In 2024, facilities with inpatient BH units continued to demonstrate elevated rates of behavior-driven incidents across multiple categories. After excluding zero-bed facilities and adjusting for statistical outliers, violent crime rates averaged 17.3 incidents per 100 beds in facilities with BH units, compared with 18.9 incidents per 100 beds in facilities without BH units. Aggravated assault rates followed a similar pattern, with facilities without BH units reporting higher rates than facilities with BH units (2.6 versus 2.1 incidents per 100 beds, respectively).
A different pattern emerged across other behaviorally linked categories. Disorderly conduct was reported at higher rates in facilities with BH units, averaging 47.2 incidents per 100 beds, compared with 43.9 incidents per 100 beds in facilities without BH units. Simple assaults were also more prevalent in BH-unit facilities, averaging 24.9 incidents per 100 beds, compared with 16.5 incidents per 100 beds in facilities without BH units.
Adjusted rates for additional behaviorally associated categories remained higher in facilities with BH units. Theft averaged 9.7 incidents per 100 beds in facilities with BH units, compared with 3.5 incidents per 100 beds in facilities without BH units. Vandalism followed a similar pattern, with BH-unit facilities reporting 3.4 incidents per 100 beds, compared with 1.5 incidents per 100 beds in non-BH facilities.

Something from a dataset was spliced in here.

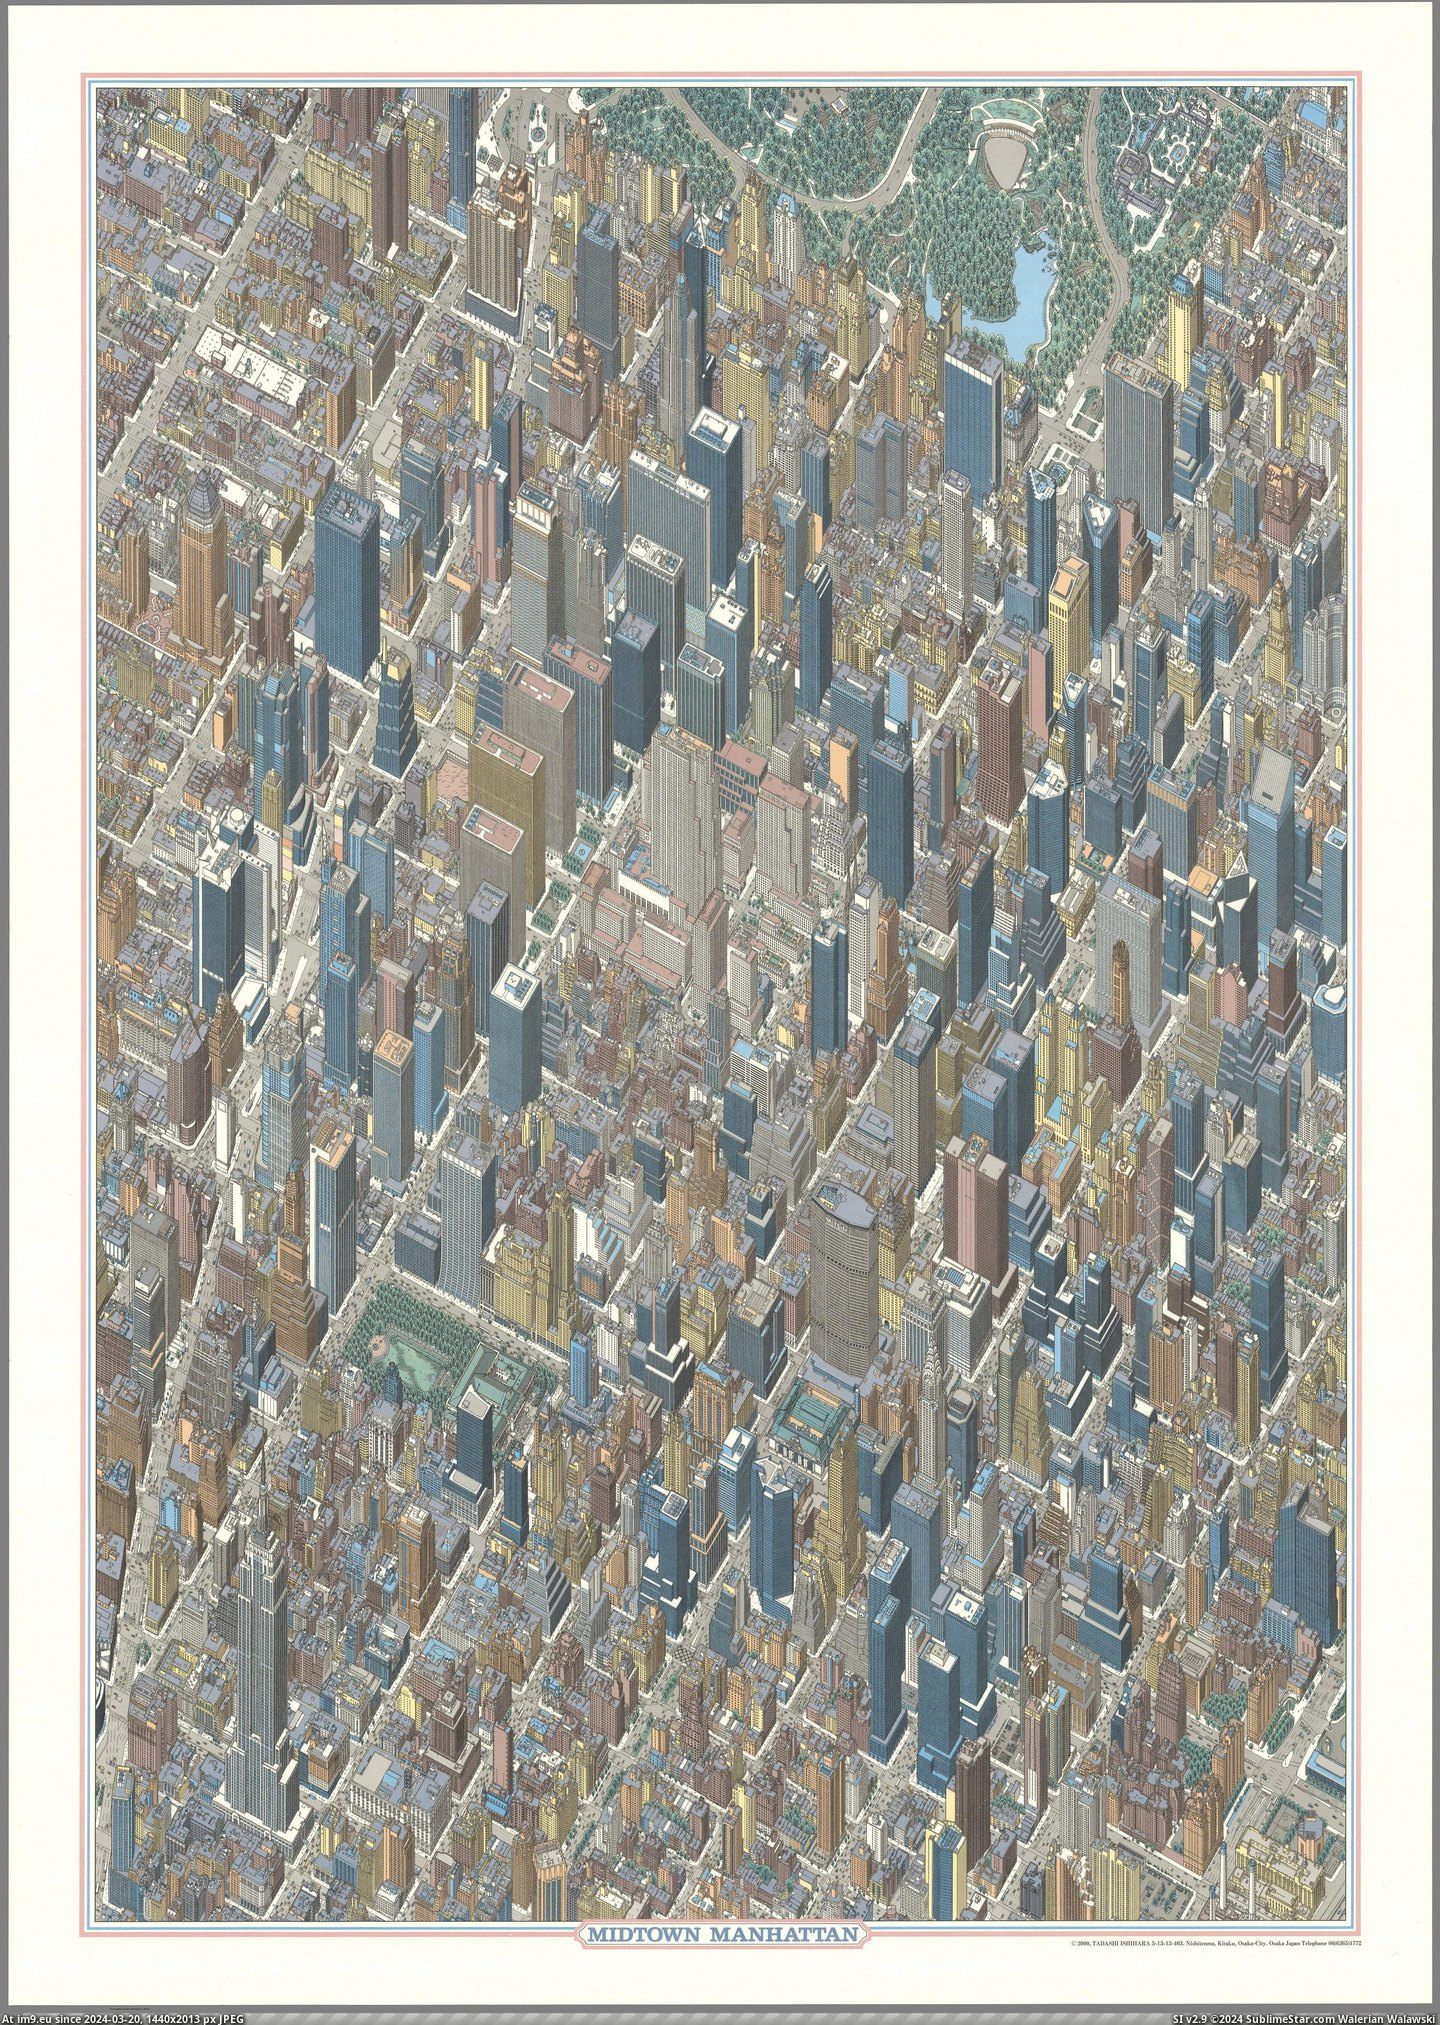 #Hentai #Nyc #Drawing #Papertowns #Tadashi #Manhattan #Midtown #Ishihara [Mapporn] Drawing of Midtown Manhattan, made by: Tadashi Ishihara (2000)[3028x4245] ( -r-papertowns and -r-nyc) Pic. (Изображение из альбом My r/MAPS favs))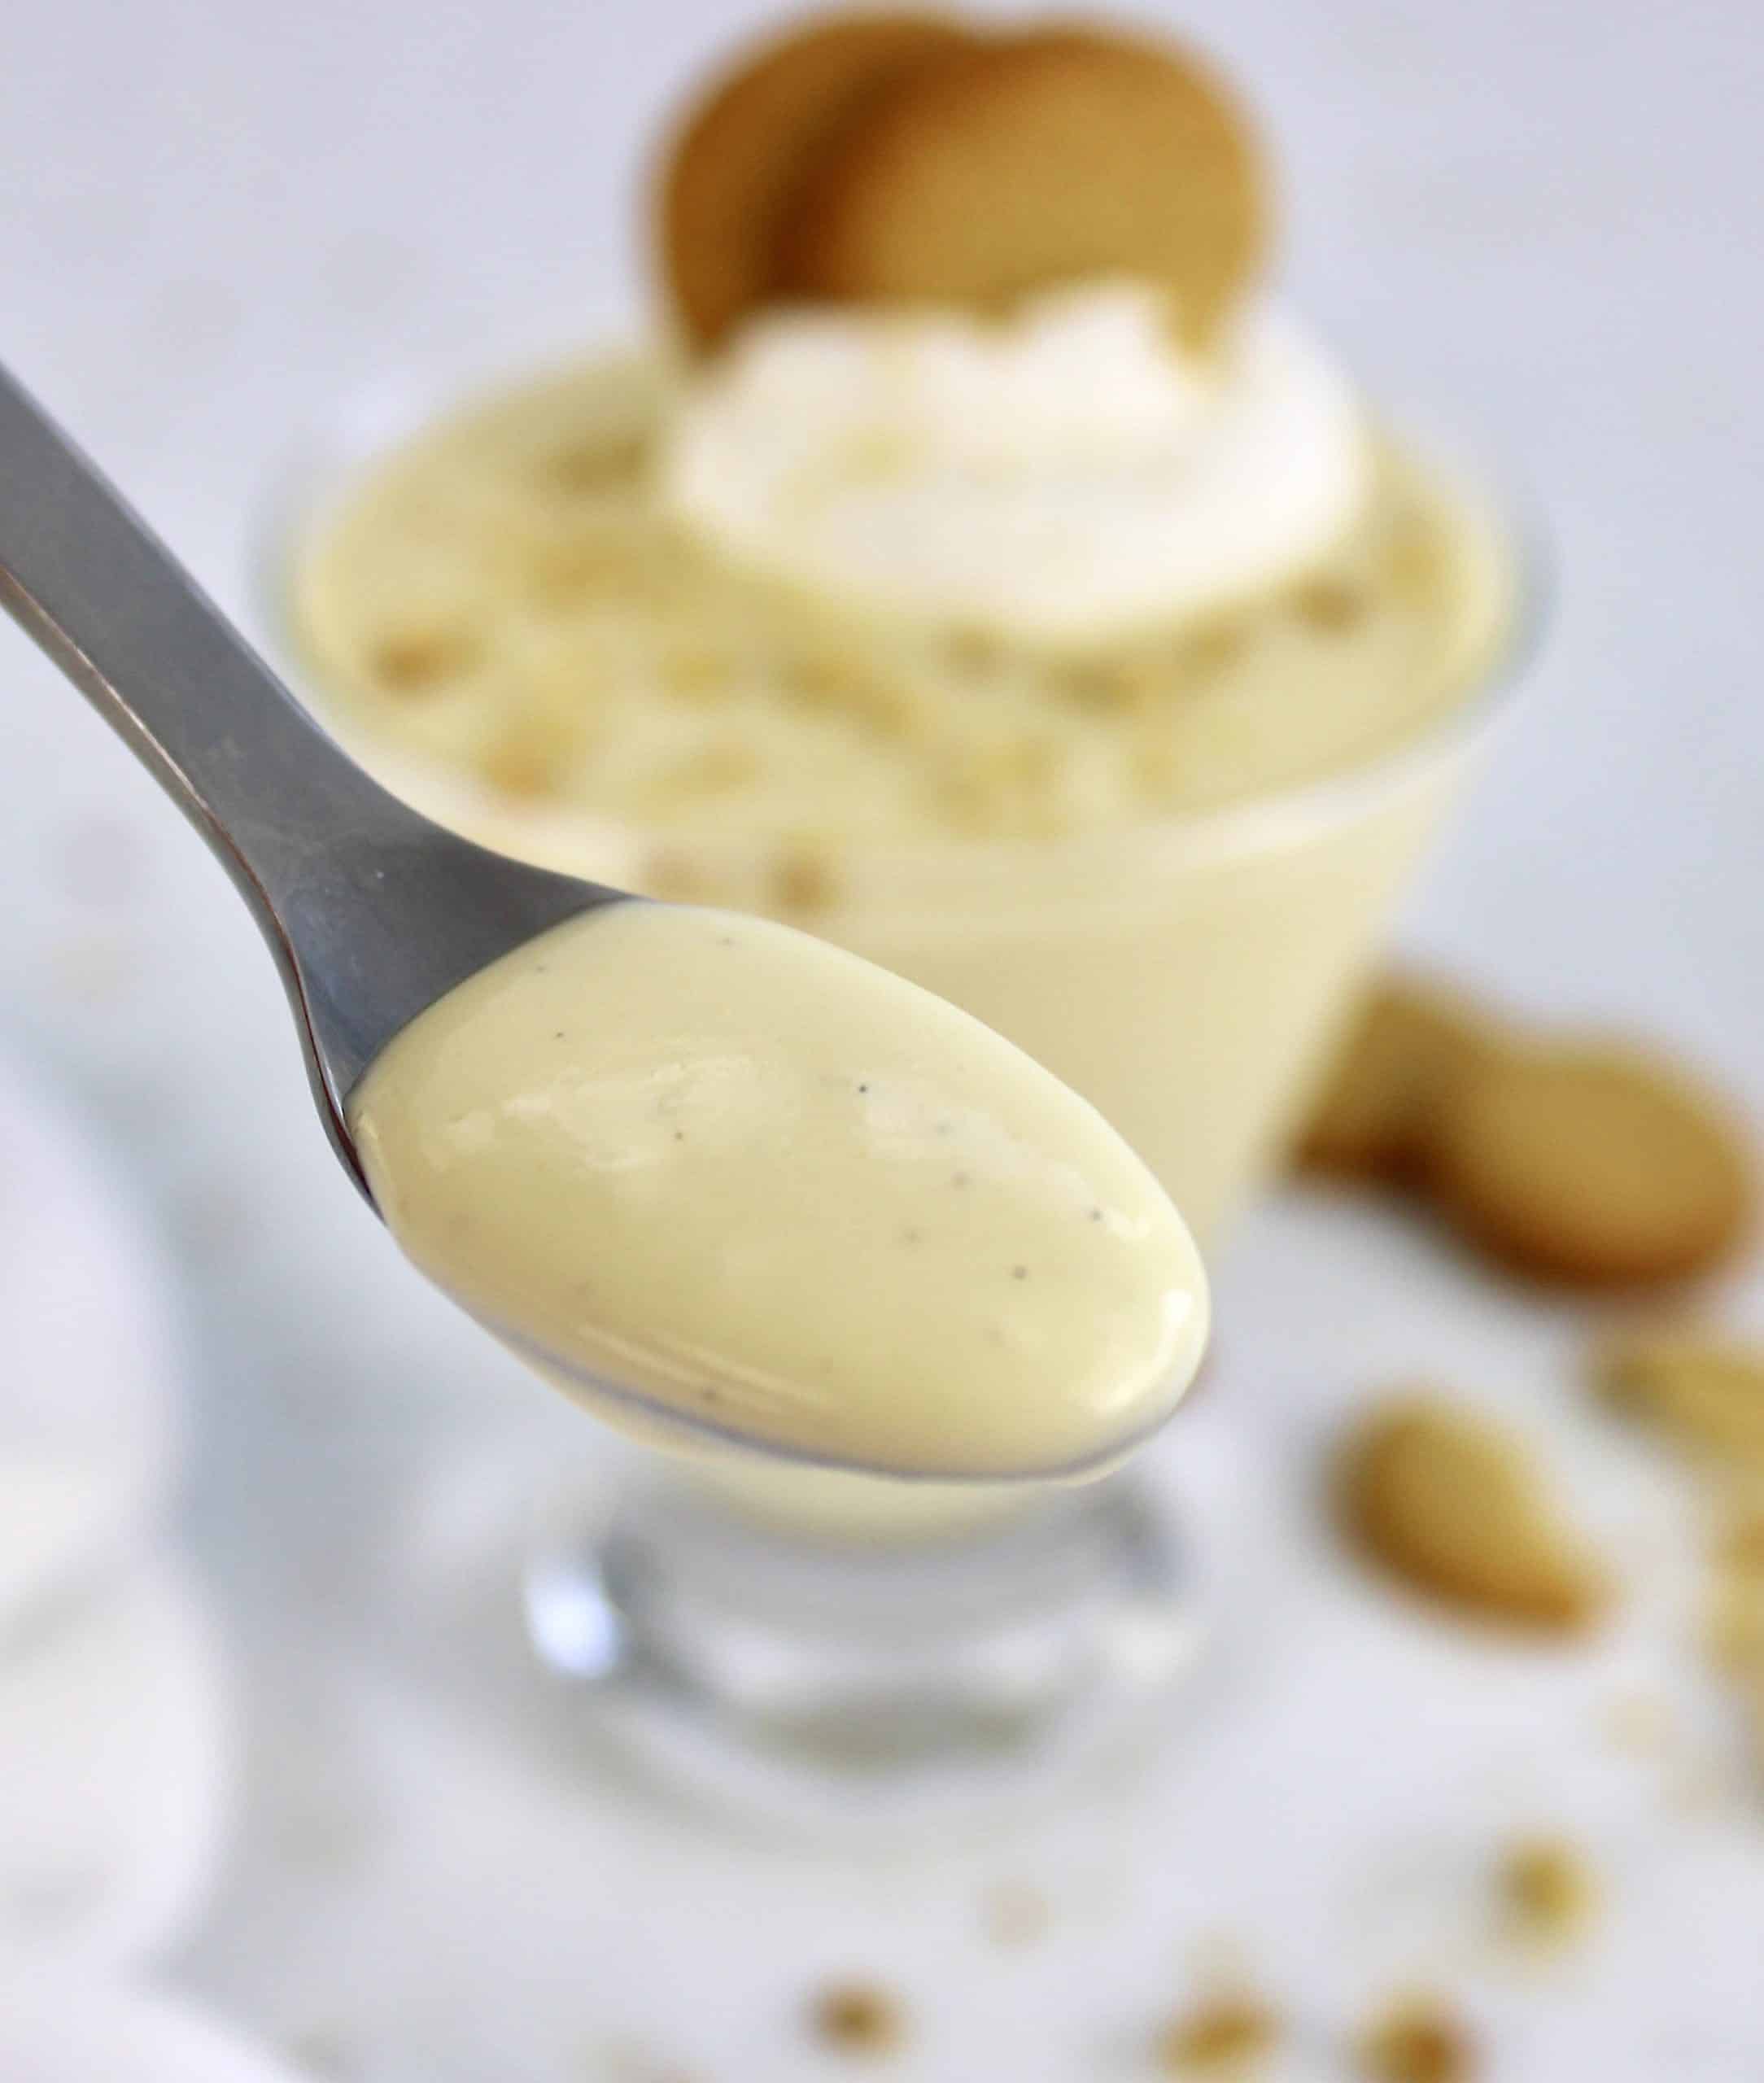 vanilla pudding in spoon with nilla wafer crumbs on top

These patterns suggest that while facilities without BH units may experience higher rates of certain violent outcomes—particularly aggravated assaults—facilities with BH units carry a consistently higher burden of behavioral escalation, interpersonal aggression, and ancillary crime categories tied to the intensity and volatility of behavioral health care environments.
Summary and Implications
The presence of an inpatient psychiatric or behavioral health unit remains one of the most consistent predictors of elevated behavioral incident exposure across healthcare facilities. Even after adjusting for zero-bed facilities, statistical outliers, and weighted bed distribution, facilities with BH units experience higher rates of simple assault, disorderly conduct, and other behaviorally linked incidents than facilities without such units.
Consistent with IAHSS Healthcare Security Industry Guidelines, these patterns reflect risks that are structural and clinically driven, rather than artifacts of reporting practices or facility size. While a small number of high-acuity facilities exert upward pressure on certain raw incident rates, adjusted analyses confirm that underlying behavioral risk remains materially higher in environments providing inpatient psychiatric care.
Taken together, the 2024 findings and historical survey data reinforce the need for enhanced security staffing models, interdisciplinary behavioral response strategies, advanced de-escalation capabilities, and targeted environmental controls in facilities operating inpatient behavioral health units. These facilities will continue to require elevated levels of operational readiness and tailored security resources to safely manage the complex behavioral dynamics inherent in this patient population.
Patient Elopements
Patient elopement remains a critical safety and security concern due to the potential for patient harm, regulatory exposure, and resource-intensive response requirements. The 2024 survey examined patient elopement rates in facilities with and without BH units, using both bed-normalized and security staffing– normalized rates to support meaningful comparison.
This analysis aligns with IAHSS Healthcare Security Industry Guideline 05.05 Patient Elopement Prevention and Response, which emphasizes standardized definitions, consistent incident reporting, and the use of normalized metrics to evaluate elopement risk and prevention effectiveness.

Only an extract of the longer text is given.